• **Exercise details**
Print exactly the lines that run from the first line of the material to the line containing "We have Art-A-Whirl", both ends included, and skip the pictures.

• **Provided material**
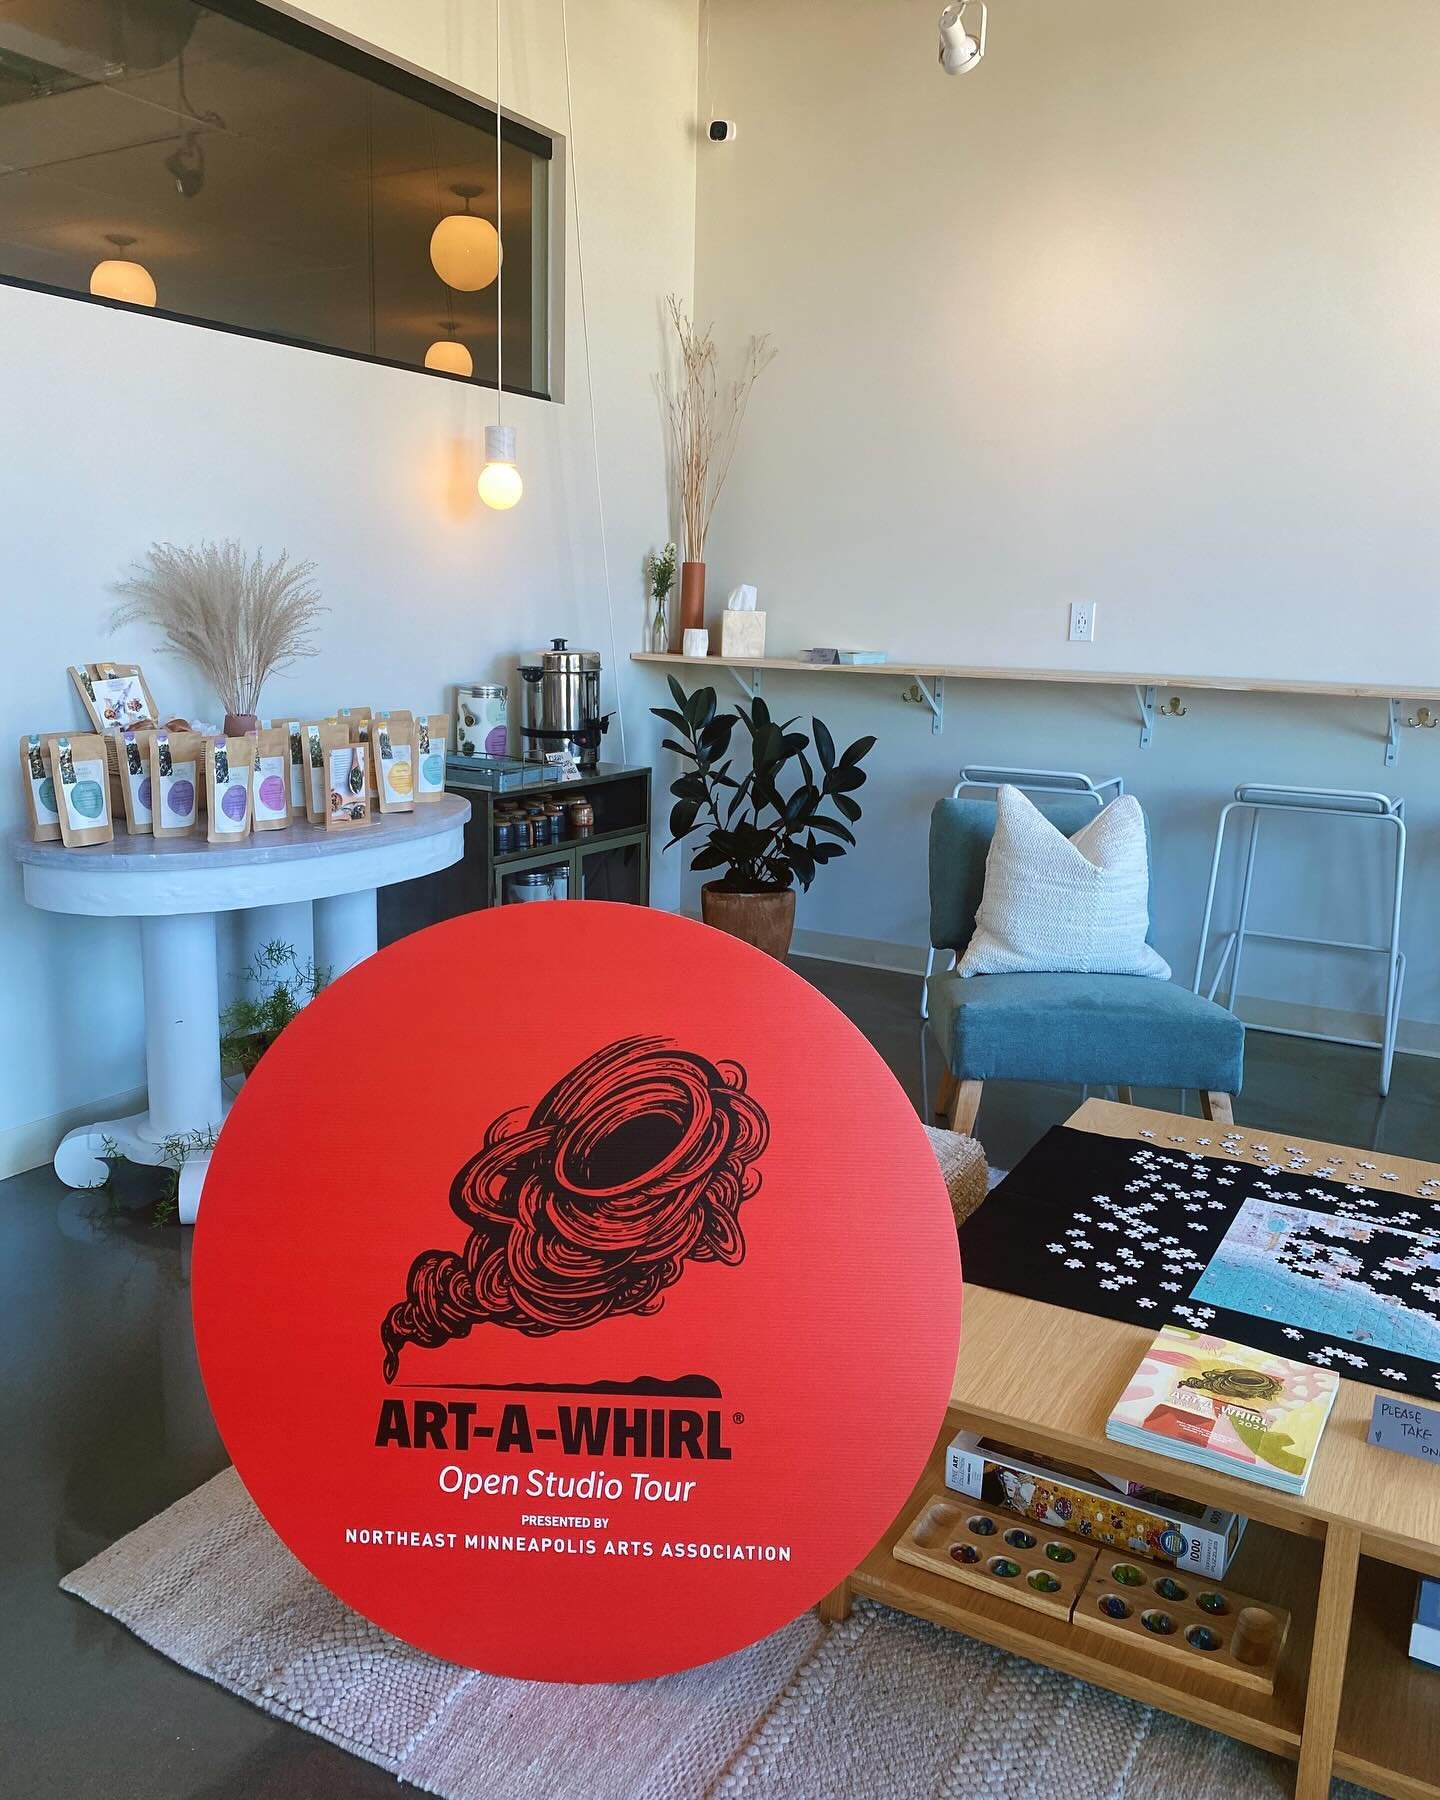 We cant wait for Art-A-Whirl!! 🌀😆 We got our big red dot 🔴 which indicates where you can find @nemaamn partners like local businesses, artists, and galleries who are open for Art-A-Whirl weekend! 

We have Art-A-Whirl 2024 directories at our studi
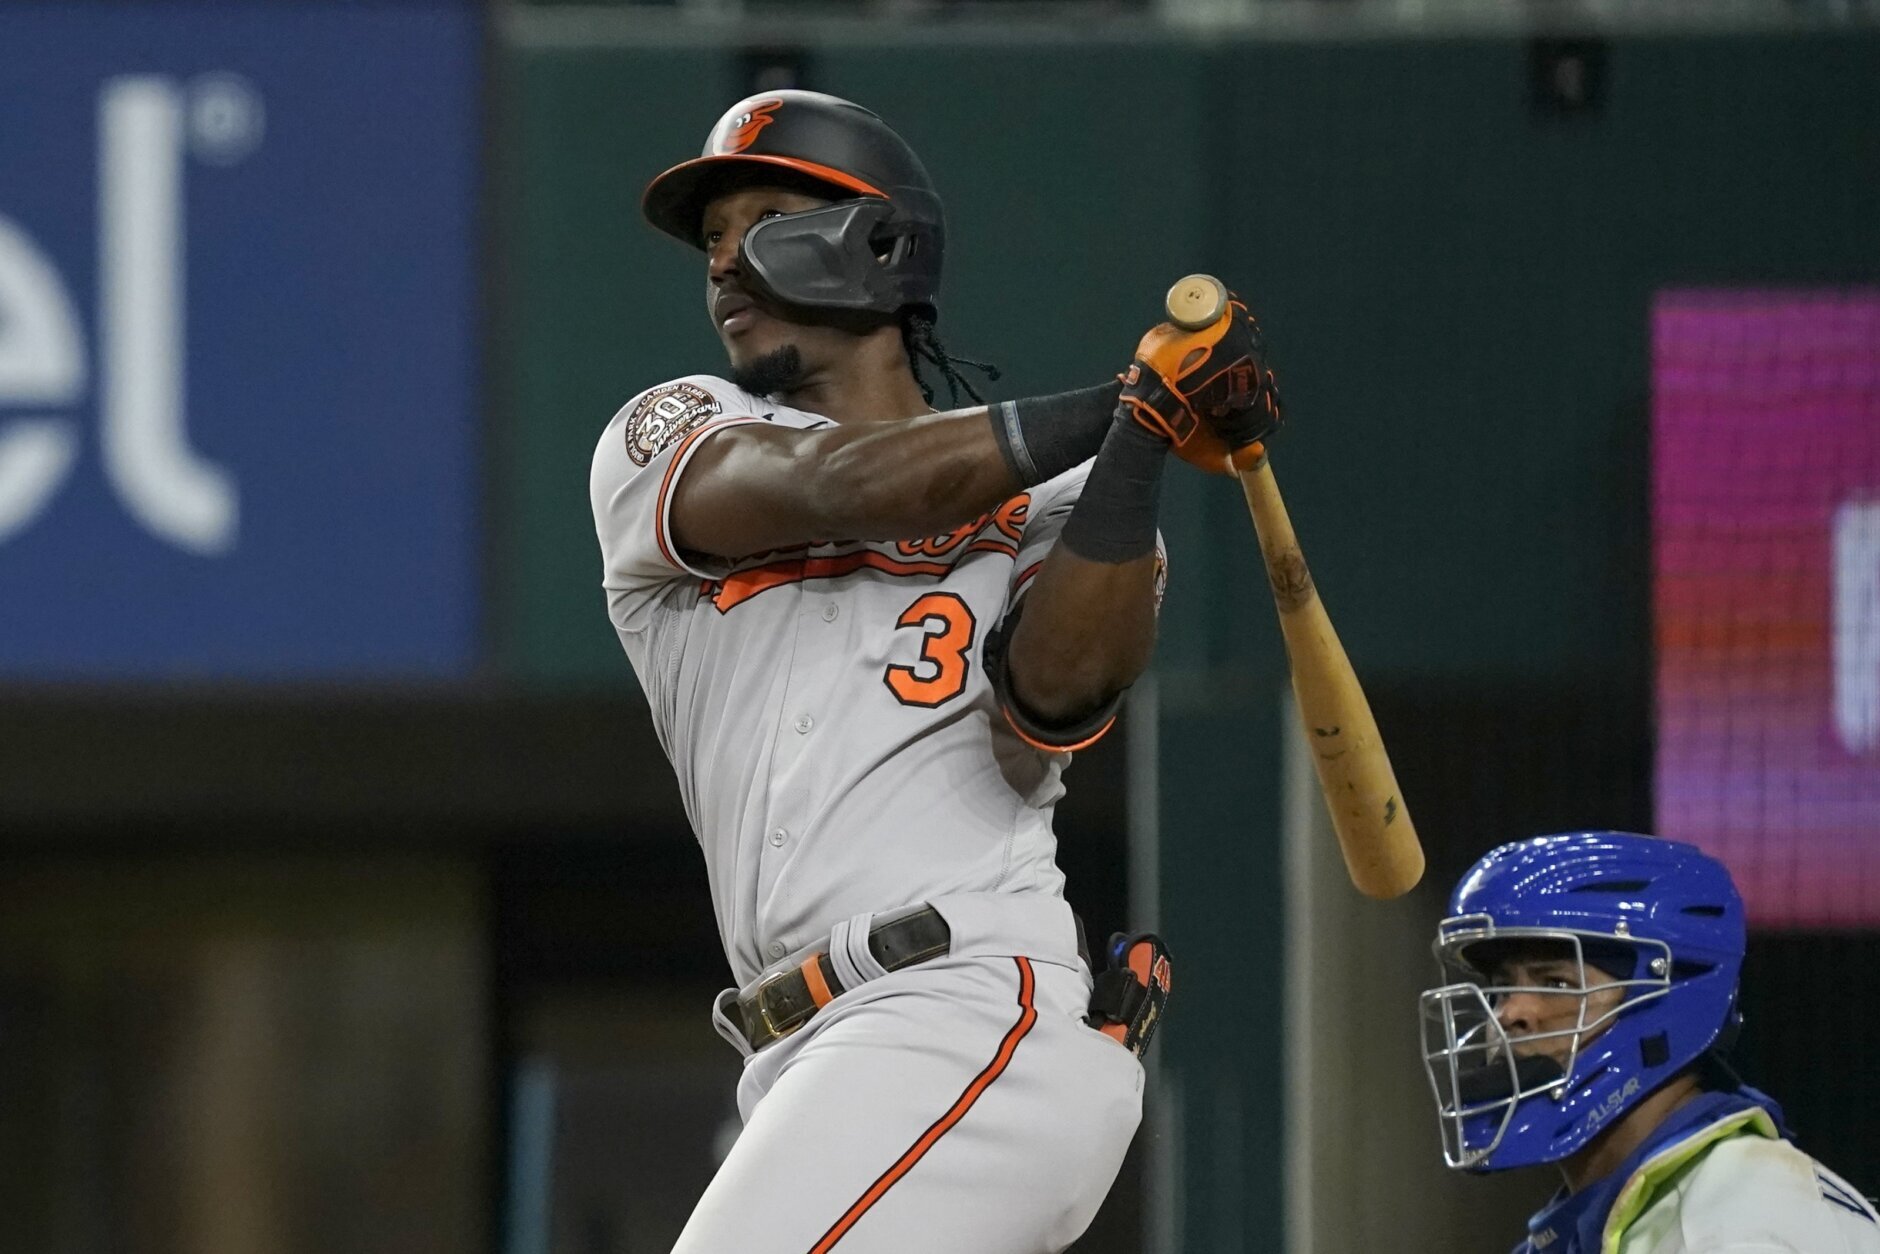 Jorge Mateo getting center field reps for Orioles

• **Solution for this task**
 We cant wait for Art-A-Whirl!! 🌀😆 We got our big red dot 🔴 which indicates where you can find @nemaamn partners like local businesses, artists, and galleries who are open for Art-A-Whirl weekend! 

We have Art-A-Whirl 2024 directories at our studi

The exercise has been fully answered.